Домик номер шестнадцать - Наталия Романова
Шрифт:
Интервал:
Закладка:
Благодатное настроение исчезло, как по волшебству. Он смотрел в упор, прожигал взглядом, заставлял пылать. В груди заныло, как и под ложечкой. Альбина знала это чувство если и голода, то совсем иного вида.
- Я не собираюсь об этом думать, - спокойно встал, вышел из-за стола и посмотрел в упор. Альбина нервно вздохнула и облизнула губы. Снова этот зуд в губах, почти нестерпимый.
- Зря-зря, - фыркнула. – Тебе бы пошло на пользу!
Она играла с ним, проверяя границы, как кошка лапой воду, готовая в любой момент отскочить или наброситься с шипением и выпущенными когтями.

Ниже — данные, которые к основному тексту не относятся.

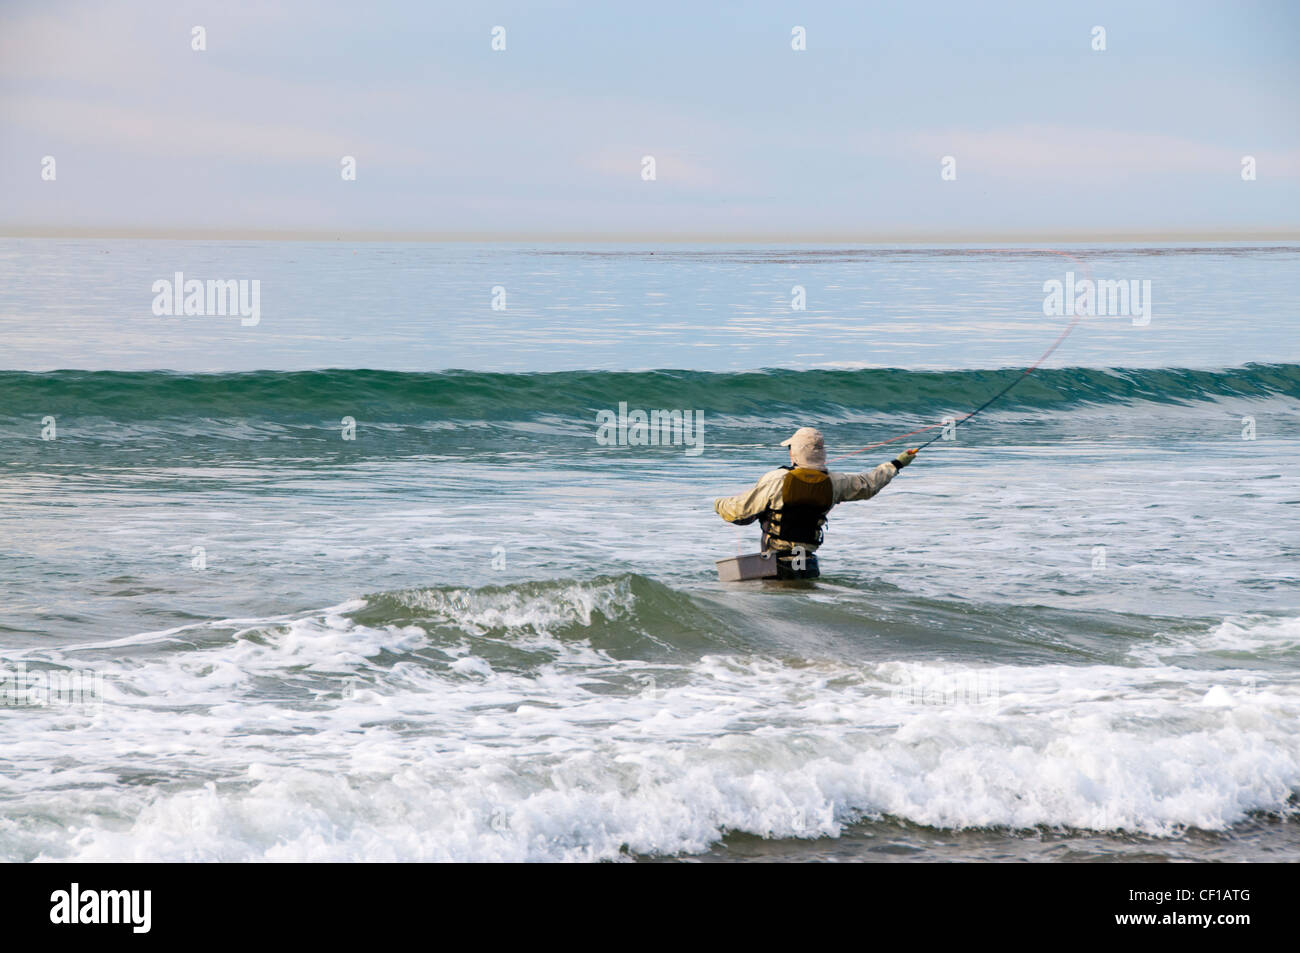 Redaktionellen Journalismus journalistische stürmischen Abenteuer Wassersport Strand Passanten Mann männlich Winter Foto-Journali Surfen zu helfen Stockfoto

Миша сделал стремительный шаг, подошёл ближе, надавил горячей ладонью на шею с обратной стороны, точно как кошку за холку, и придвинул к себе, близко. Ещё ближе. Вынуждая смотреть на себя. Шее стало больно, только это вряд ли интересовало Михаила, напротив, он радовался этому. Похоже, ликовал. Смотрел взглядом победителя. Альбина усмехнулась, медленно выдыхая, возвращая точно такой же взгляд. Победительницы.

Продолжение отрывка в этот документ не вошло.